Vivelepcf, 4 août 2014

Le 4 août 1914 ont lieu les obsèques de Jaurès. Le même jour, le Parlement vote la mise du pays en état de guerre. A l’unanimité, sans débat : c’est l’Union sacrée.

L’Humanité du 5 août 1914 rend compte avec gravité et grandiloquence des deux événements, mis en parallèle.

En première page, elle titre sobrement : « Les obsèques de Jaurès » sur 5 colonnes et reprend les prises de paroles des officiels et des compagnons de Jaurès en ce jour de deuil et en ce jour de veillée d’armes. En deuxième page, l’Huma relate les débats de l’Assemblée : « A la Chambre, une séance historique. Dans un mouvement unanime, la Chambre rend hommage à Jaurès. Ella acclame la défense nationale, au milieu de l’enthousiasme le plus émouvant ».

René Viviani, président du Conseil, se retrouve cité dans les deux pages comme orateur aux obsèques et comme rapporteur des projets de loi de guerre. Viviani, « socialiste indépendant », fut un compagnon de Jaurès. Il fonda avec lui l’Humanité dont il fut rédacteur en chef. La veille de sa mort, Jaurès avait rendu visite à son ami Viviani pour voir ce qu’il pouvait engager pour la paix.

Les députés et sénateurs socialistes adhèrent à l’Union sacrée avec enthousiasme. L’Huma rapporte : « M. Deschanel prononce à son tour des paroles patriotiques. Il termine en criant : « Vive la France ! Vive la République ». Ces deux cris sont répétés dans une immense acclamation par la Chambre toute entière. Les socialistes répètent à pleine-voix : « Vive la République » ».

Les rédacteurs de l’Humanité s’enflamment : « Quelle séance : les anciens journalistes qui ont vu le 15 juillet 1870, la journée parlementaire où la guerre fut déclarée, disaient qu’aucune comparaison n’était possible entre cette journée et celle d’hier. La raison est simple : en 1870, c’était l’Empire qui faisait la guerre pour son intérêt dynastique ; aujourd’hui, c’est la nation qui se défend. De là viennent cette union, cette énergie digne et mâle qui rappellent les grandes scènes de 1792. Ceux qui ont assisté à la séance d’hier, députés, journalistes, spectateurs, ne l’oublieront jamais. Ils garderont le souvenir de ses émotions uniques : l’hommage unanime à Jaurès, la réparation éclatante au grand citoyen qui, dans cette même enceinte, connut tant de ….. (illisible ndrl), la lecture du message présidentiel, le discours de M. Viviani rappelant les faits, précisant les responsabilités et faisant appel au monde, puis à la fin de la séance les dernières paroles du président du Conseil et du président de la Chambre qui disent leur confiance dans la victoire du droit. Jamais plus belle manifestation d’unité nationale ne fut faite par un pays menacé. C’est au régime républicain, soutenu par le socialisme, que la France le doit » (souligné par nous ndrl).

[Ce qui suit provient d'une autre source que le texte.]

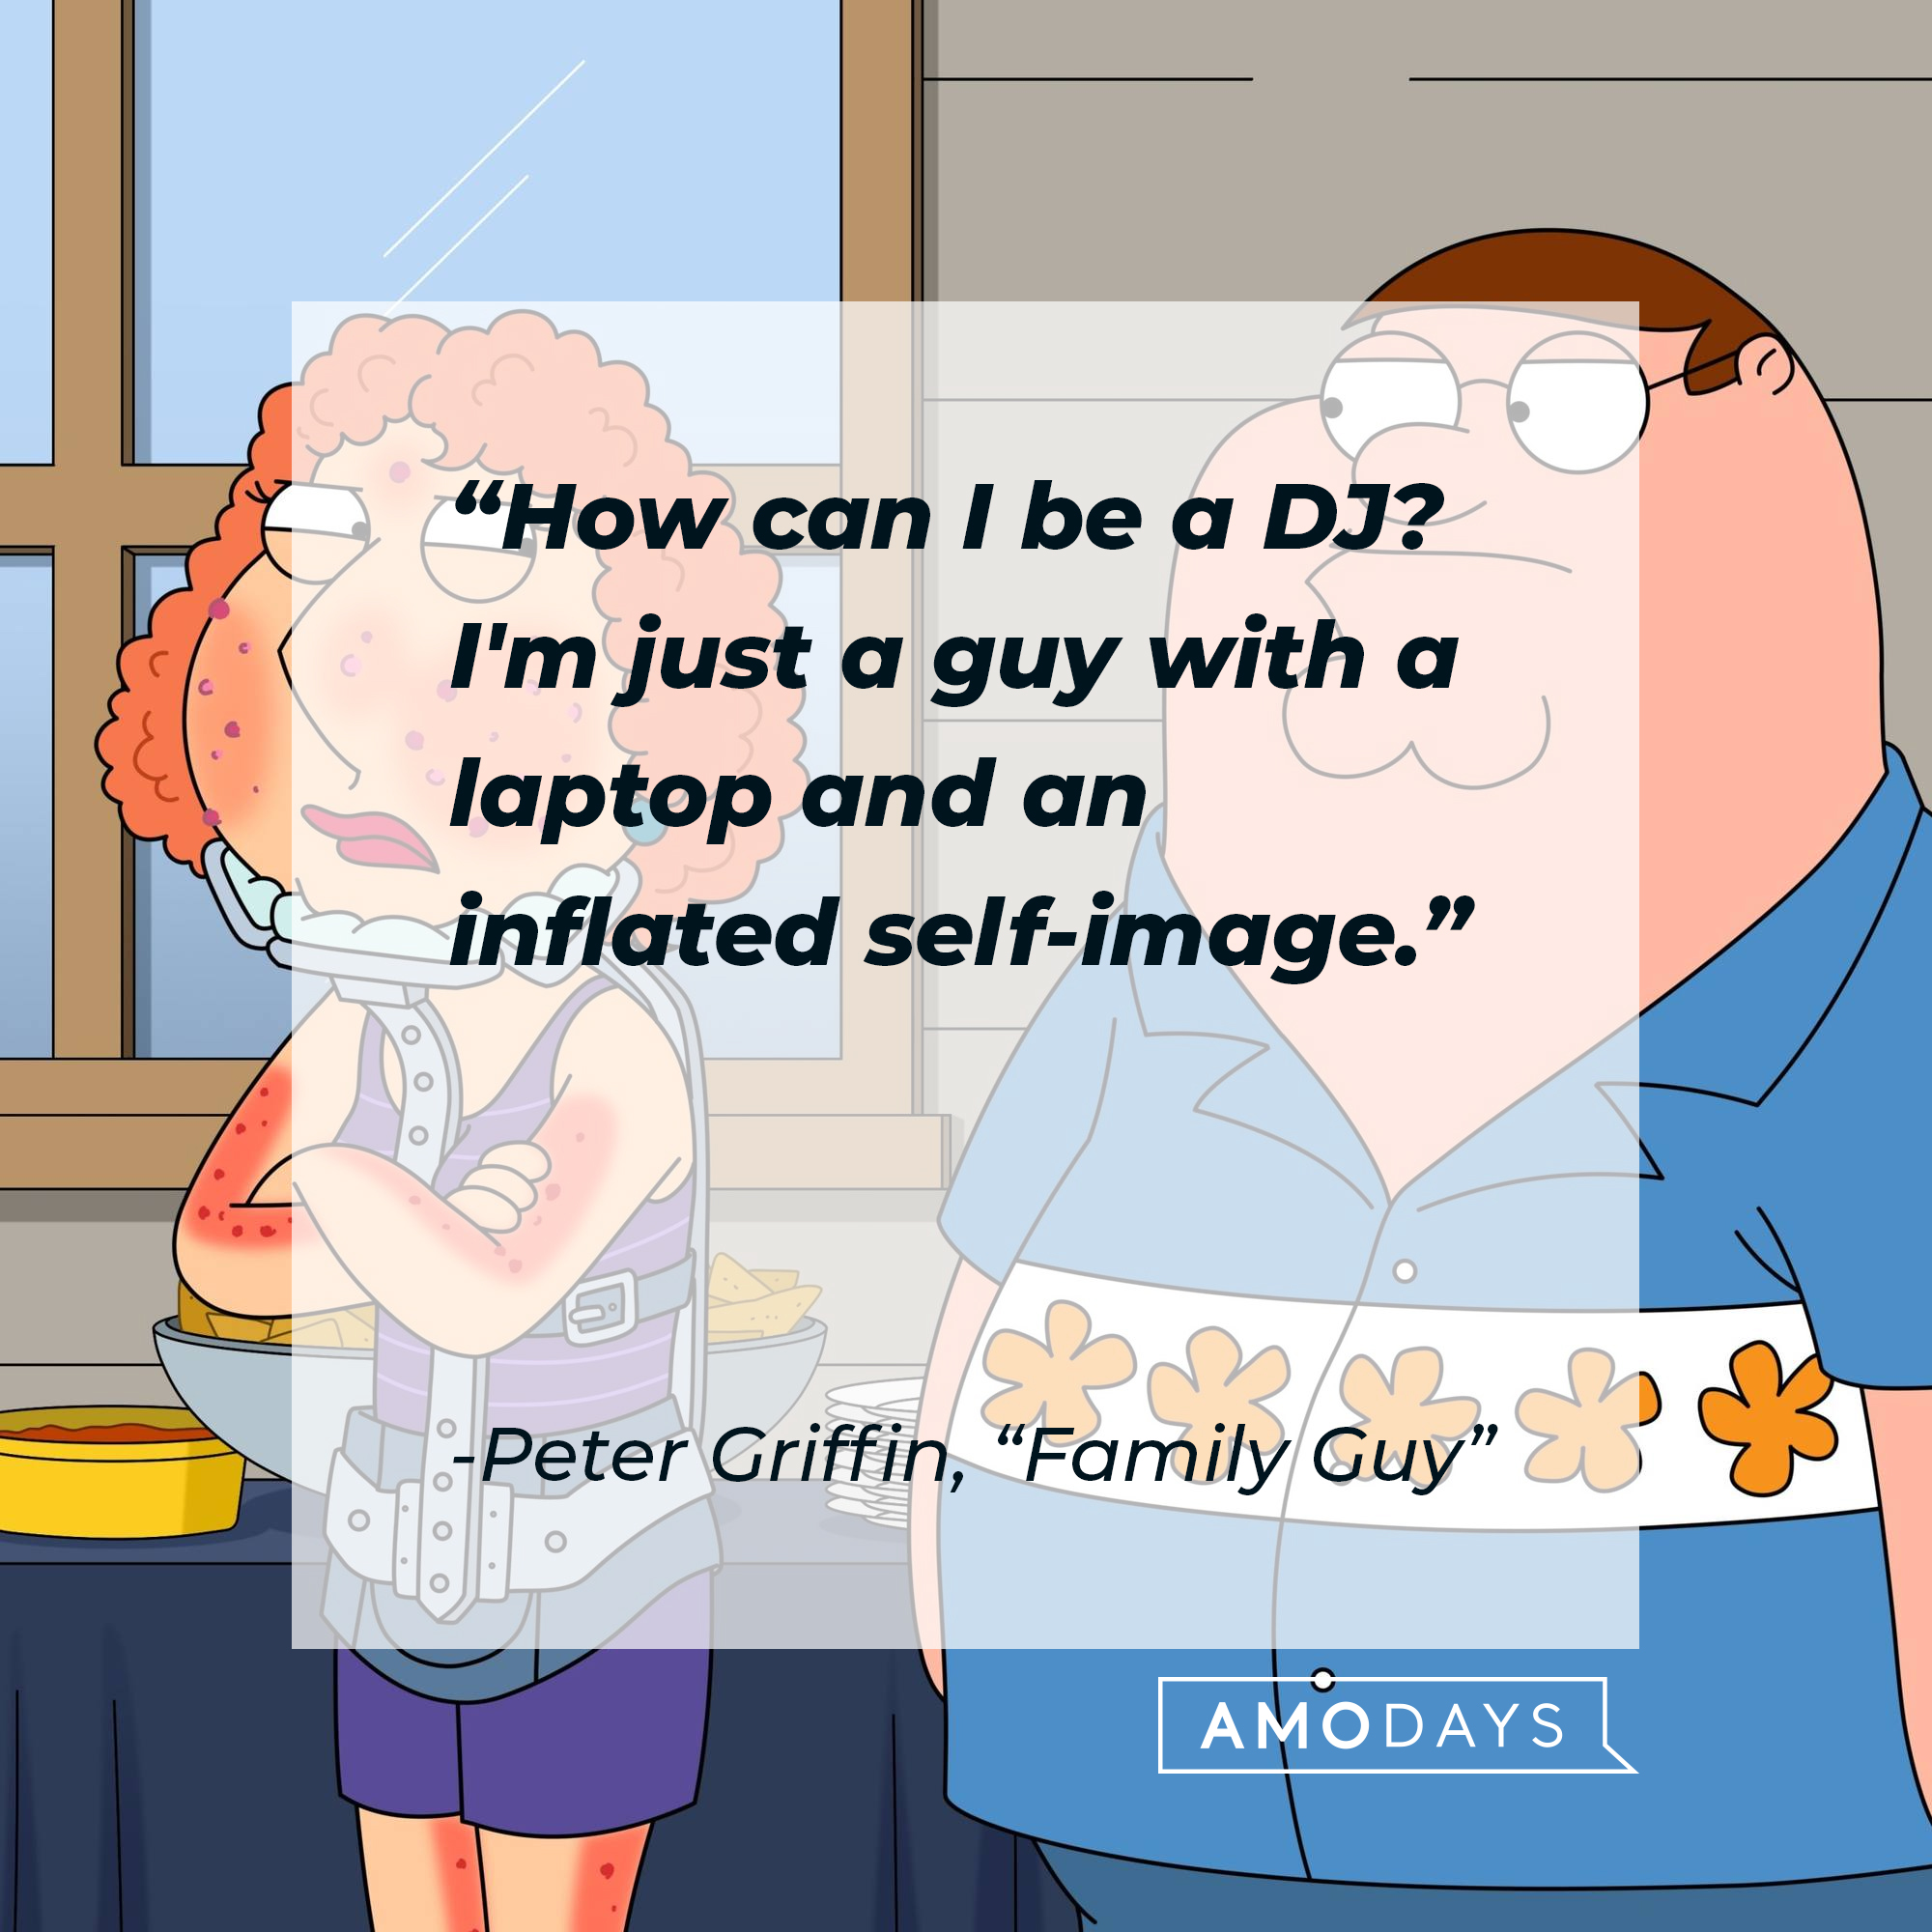 Peter Griffin's quote: "How can I be a DJ? I'm just a guy with a laptop and an inflated self-image." | Source: facebook.com/FamilyGuy

Une polémique stérile et oiseuse connaît un nouveau développement avec le centenaire : qu’aurait fait Jaurès s’il n’avait pas été assassiné ? Mais il a été assassiné et on ne fait pas parler les morts !

Ce qui est hautement vraisemblable, c’est que ceux qui ont téléguidé les mains de l’assassin redoutaient que l’activisme de Jaurès pour la paix affaiblisse l’impérialisme français dans une guerre déjà décidée.

Ce qui est sûr, c’est que l’assassinat de Jaurès en a fait un immense symbole pour tous ceux qui allaient condamner les guerres impérialistes et leur barbarie, notamment pour ceux qui allaient faire le choix de créer le Parti communiste français.

Ce qui est sûr, c’est que la quasi-totalité des dirigeants du parti de Jaurès, ses plus proches amis politiques, se sont convertis à « l’Union sacrée », dès ses obsèques, et ont trahi, comme la quasi-totalité de leurs homologues allemands, les résolutions de l’Internationale socialiste. Très peu l’ont regretté.

Ce qui est sûr, c’est que le journal de Jaurès, celui qu’il a dirigé jusqu’à sa mort, sa rédaction quasi au complet se sont mis au service de « l’Union sacrée », du nationalisme et de la guerre impérialiste. Dès le 1er jour.

Dans l’histoire, le journal qui a dénoncé et combattu systématiquement la guerre impérialiste ce n’est pas le « journal fondé par Jean Jaurès », c’est « l’organe central du Parti communiste français » qui a pu s’appuyer sur le sacrifice de Jaurès.